Land Transportation Office (LTO) chief Teofilo Guadiz III is looking forward to a highly efficient and “digitalized” agency in 2024 to be run by employees themselves and not by any information technology provider.
He is batting for an IT system that shall “be able to competently address the needs of the motoring public.”
By 2024, the LTO’s contract with its IT provider would have ended, and was given the assurance that the control of the IT system would be turned over to the agency.
“By then, my dream for the LTO IT system is for it to be run and managed by LTO employees. No more outsiders will be running the system. We ourselves would run and manage the operations,” he said.
He wants to run the LTO the same way it is done at private corporations.
“Having been with the Agency for the past 12 years, I have seen a lot of competent men and women at the LTO so I am confident that we can do it,” he said.

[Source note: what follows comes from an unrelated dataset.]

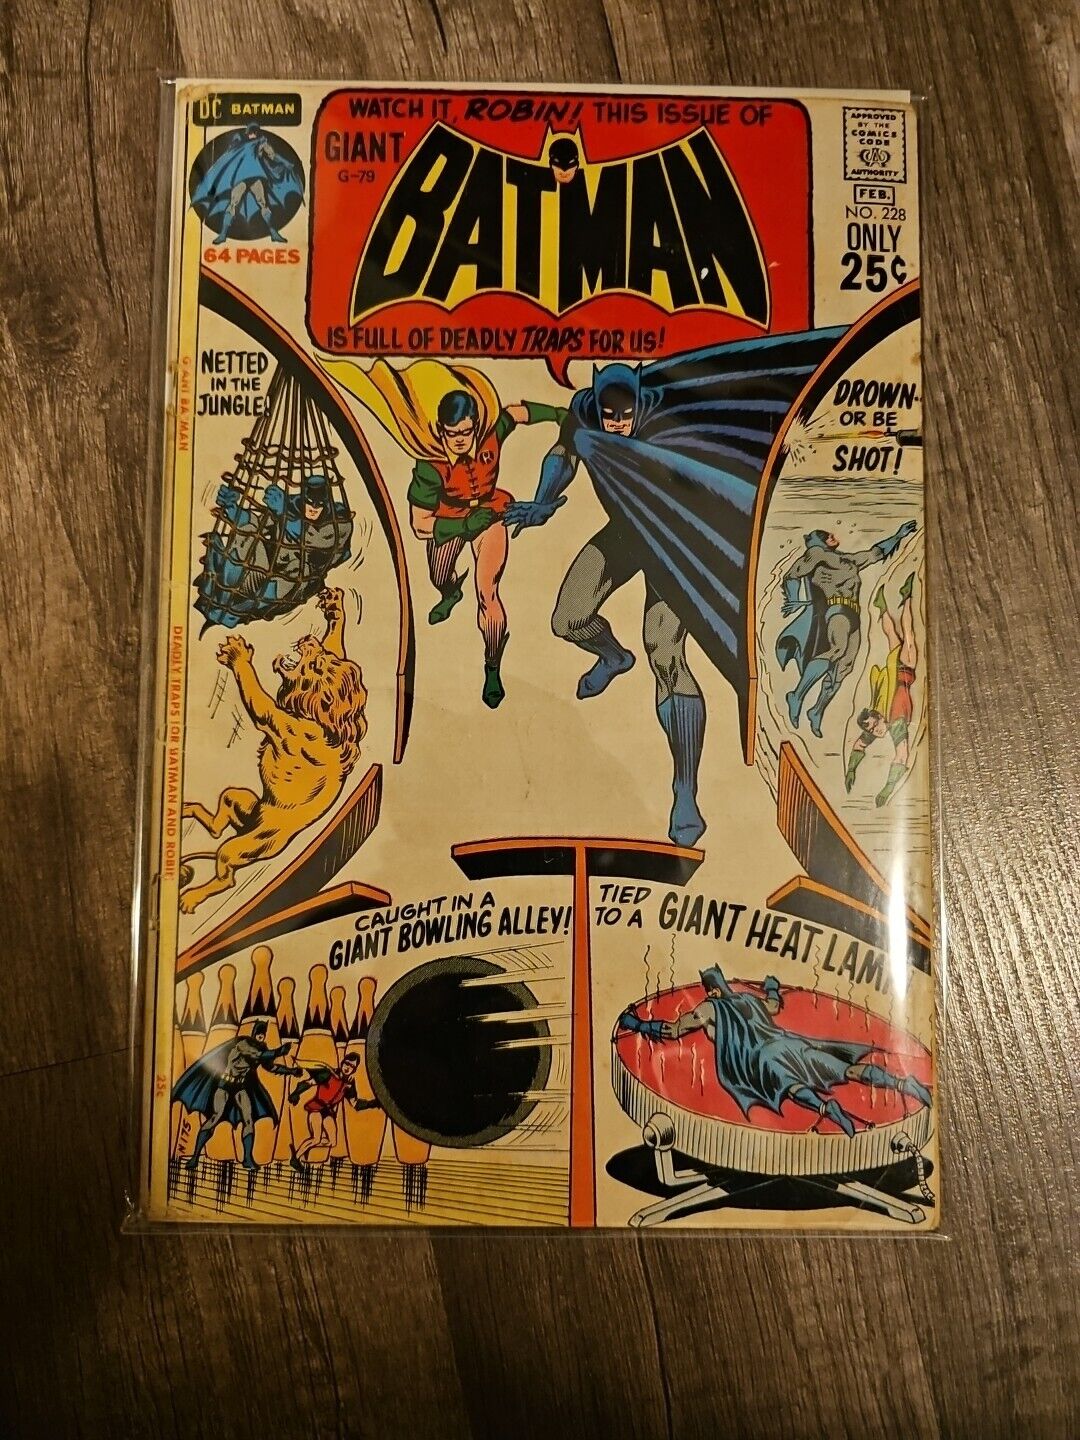 Batman #228 64 Page Giant Sized Issue DC Comics 1971

He reported that when he looked at the number of IT experts at its Management Information Division, there were only 28 of them, and he is looking to have the number increased further.
“We need to increase the number of personnel to handle the MID to be able to adequately address the needs of the different regions,” he said.
He vowed to ask for more funding in 2023 to be able to achieve the increase in IT personnel at the MID.
He said there is also a need to increase the number of personnel so that by year 2024, the agency wod be able to run the system on its own.
“This is what I envision for the future of LTO, a digitalized LTO with its own IT system. If there will be slowdowns, which I hope will not happen again, we will only have ourselves to blame,” he cited.
Next year, the LTO chief said, the agency would conduct a planning session, “the first time in the history of the agency for its senior officers.”
He believes that through careful planning, the agency could check what it wants to do in the future, to be followed by a mid-year planning session.